Peter is an Emeritus Professor who has spent most of his career at The University of Manchester. He is primarily an historian of population displacement in the modern world, but the first part of his career was devoted to the economic and social history of Russia. Most of his current research activity is focusing on the history of Europe since 1945, with a focus on migration into/within the continent.
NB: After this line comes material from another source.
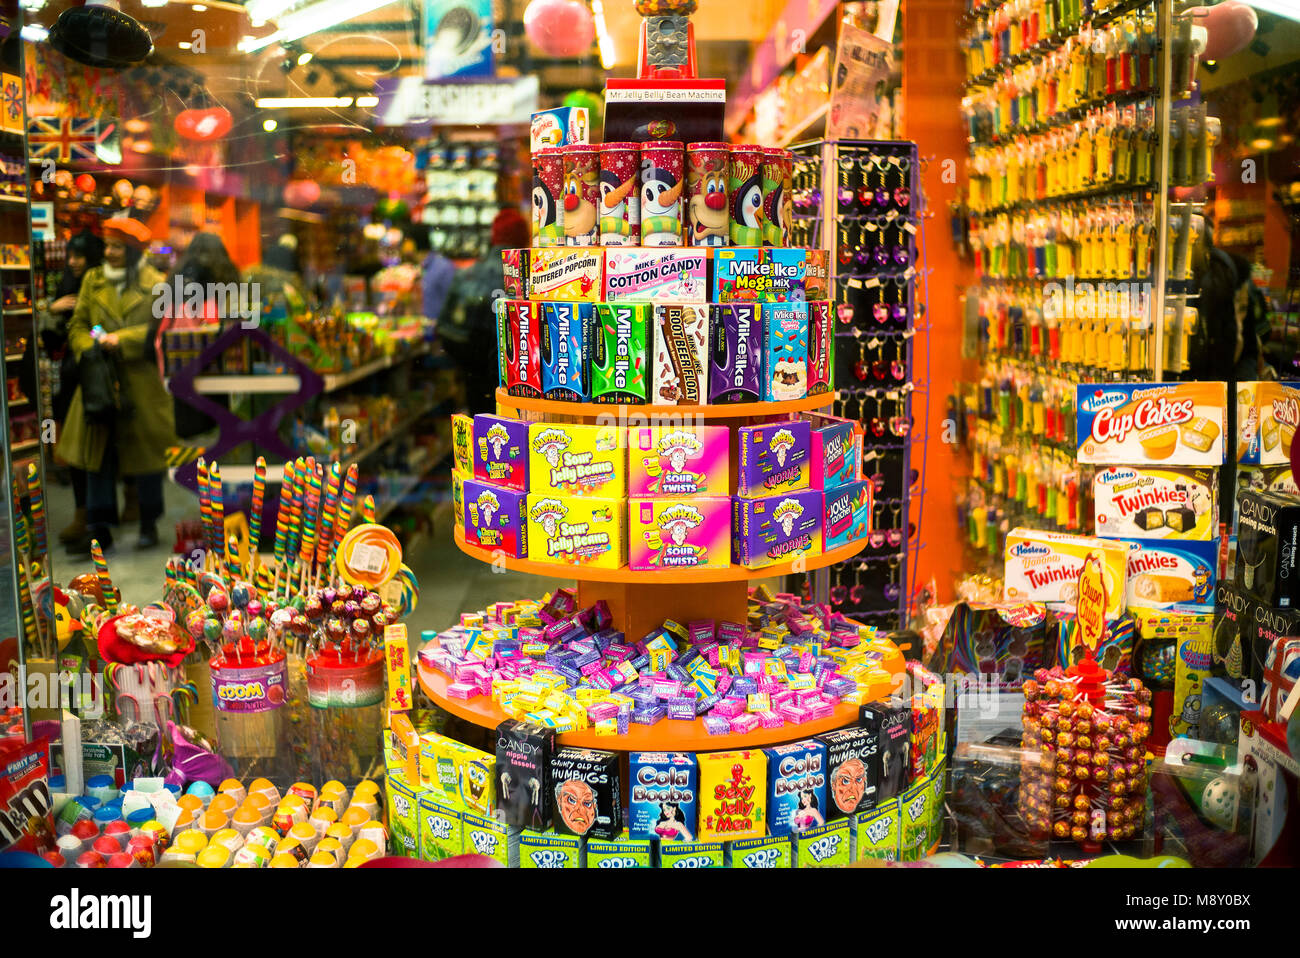 American Candy Co, Sweet Candy Shop intérieur, marché Camden Londres Banque D'Images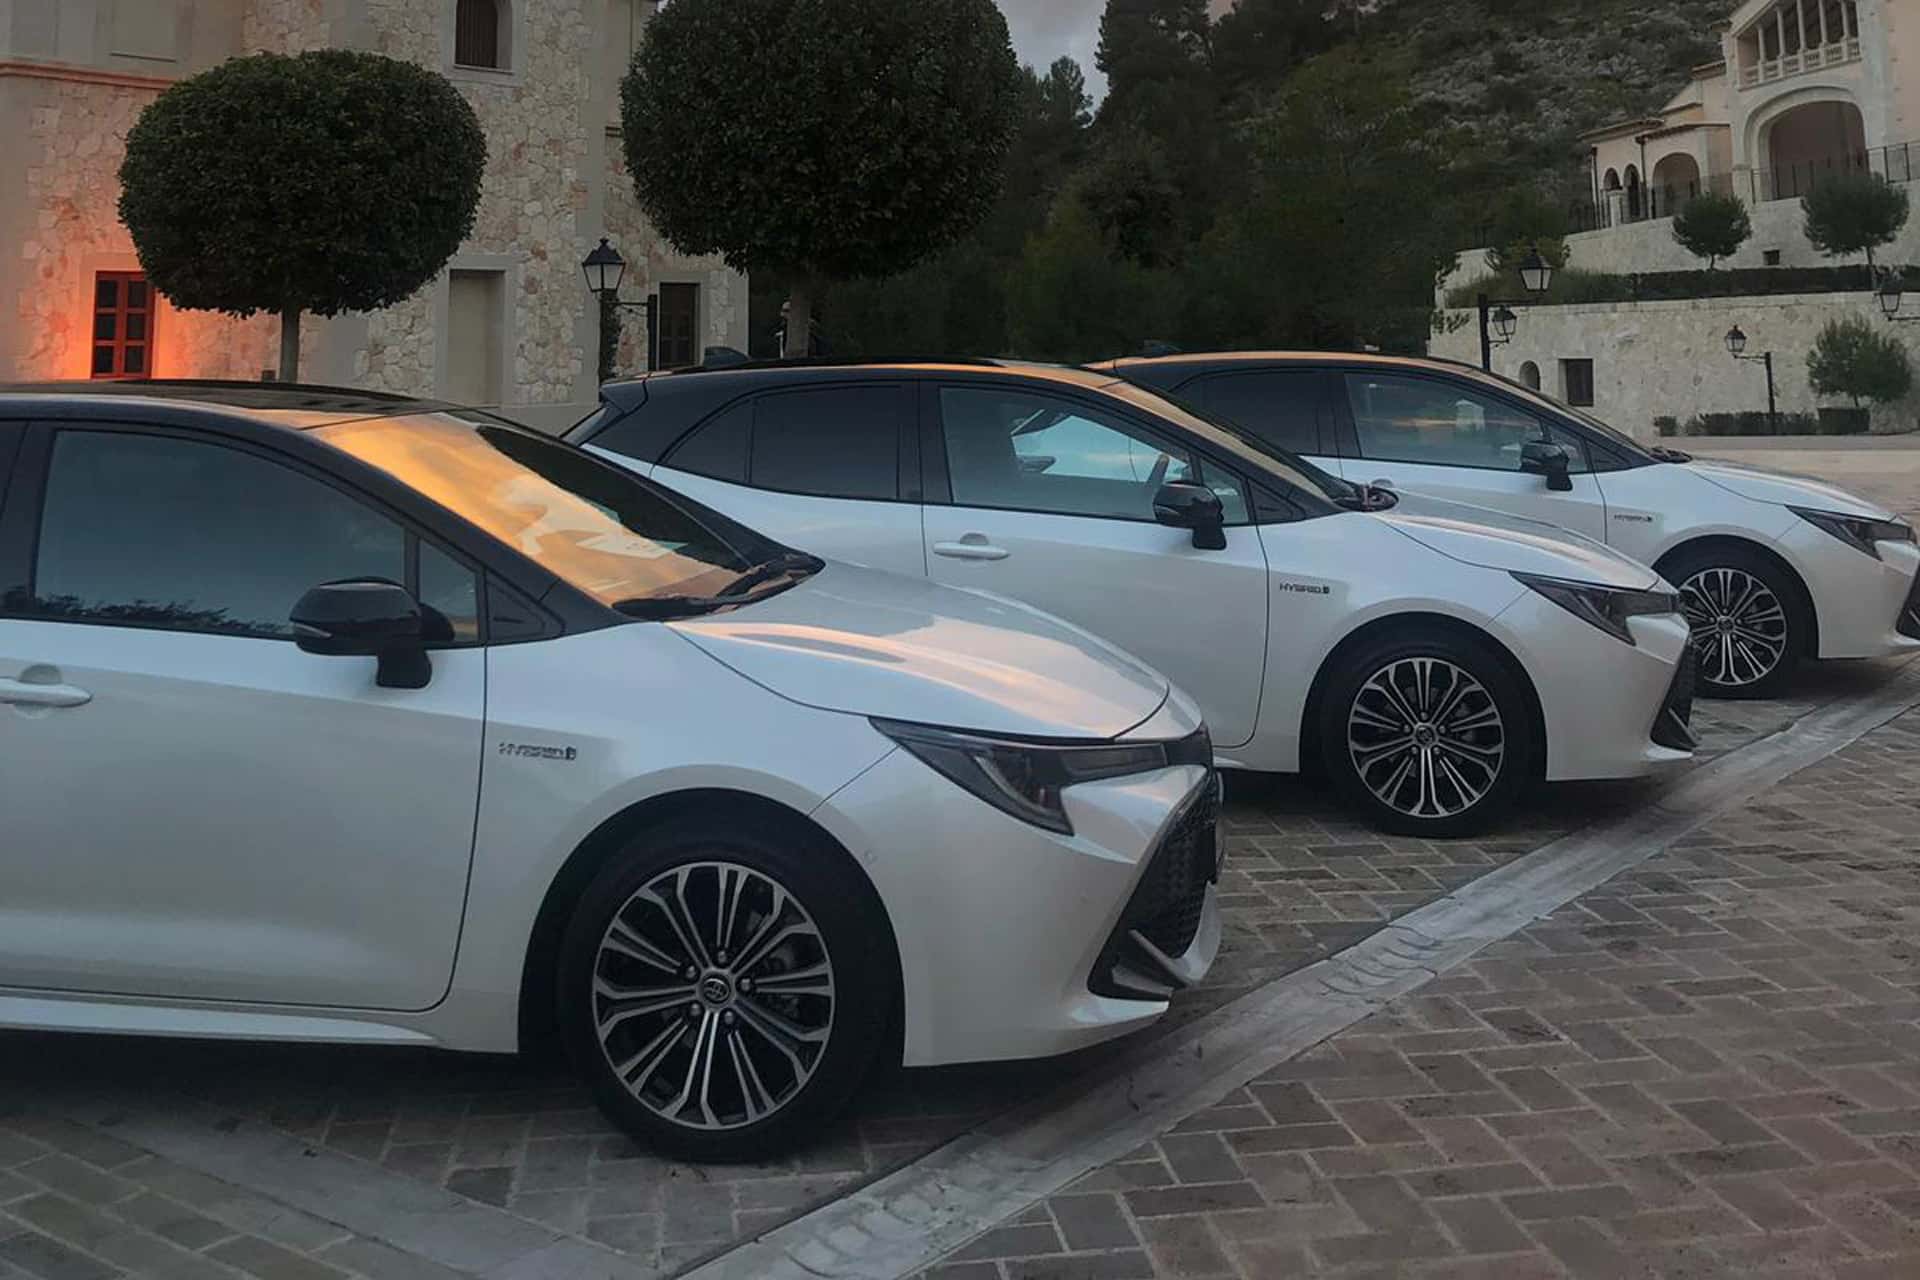 Toyota-Corolla-Launch-event-in-Mallorca-7

He has recently spoken on the BBC’s Ukrainecast podcast about the displacement of people in Ukraine.


Prof James Pattison

Prof James Pattison

James focuses on ethical issues in international politics – he has particular expertise on humanitarian intervention and the responsibility to protect, alternatives to war such as sanctions, Just War Theory and the challenges posed by the rise of private military and security companies. He has written three books (all with Oxford University Press) and over 20 journal articles since 2007, including in British Journal of Political Science, Ethics & International Affairs, European Journal of International Relations, International Theory, Journal of Political Philosophy, and Review of International Studies.


Dr Laure Humbert

Dr Laure Humbert

Dr Humbert is a Lecturer in Modern History specialising in histories of humanitarianism, displacement and international organisations. Her work focuses particularly on medical humanitarianism in Europe during and immediately after the Second World War. She is also a Research Affiliate on the project ‘Researching the Impact of Attacks on Healthcare’ (RIAH). RIAH is seeking to improve understanding of the immediate, long-term, and wider impacts of attacks on healthcare on populations in contexts that have experienced armed conflict.


Dr Talia Zajac

Dr Talia Zajac

Talia Zajac is a Leverhulme Trust Early Career Fellow at the John Rylands Research Institute and Library, and is a specialist in early Rus’ - the medieval state which included the territories of present-day Belarus’, Ukraine, and European Russia. Her research focuses on cultural and religious contacts between early Rus’ and Western Europe. She previously held the Eugene and Daymel Shklar Research Fellowship at the Harvard Ukrainian Research Institute, and has been a contributor to the Internet Encyclopaedia of Ukraine, among other publications on medieval queenship, women in early Rus’, and the history of Eastern Orthodox-Catholic relations.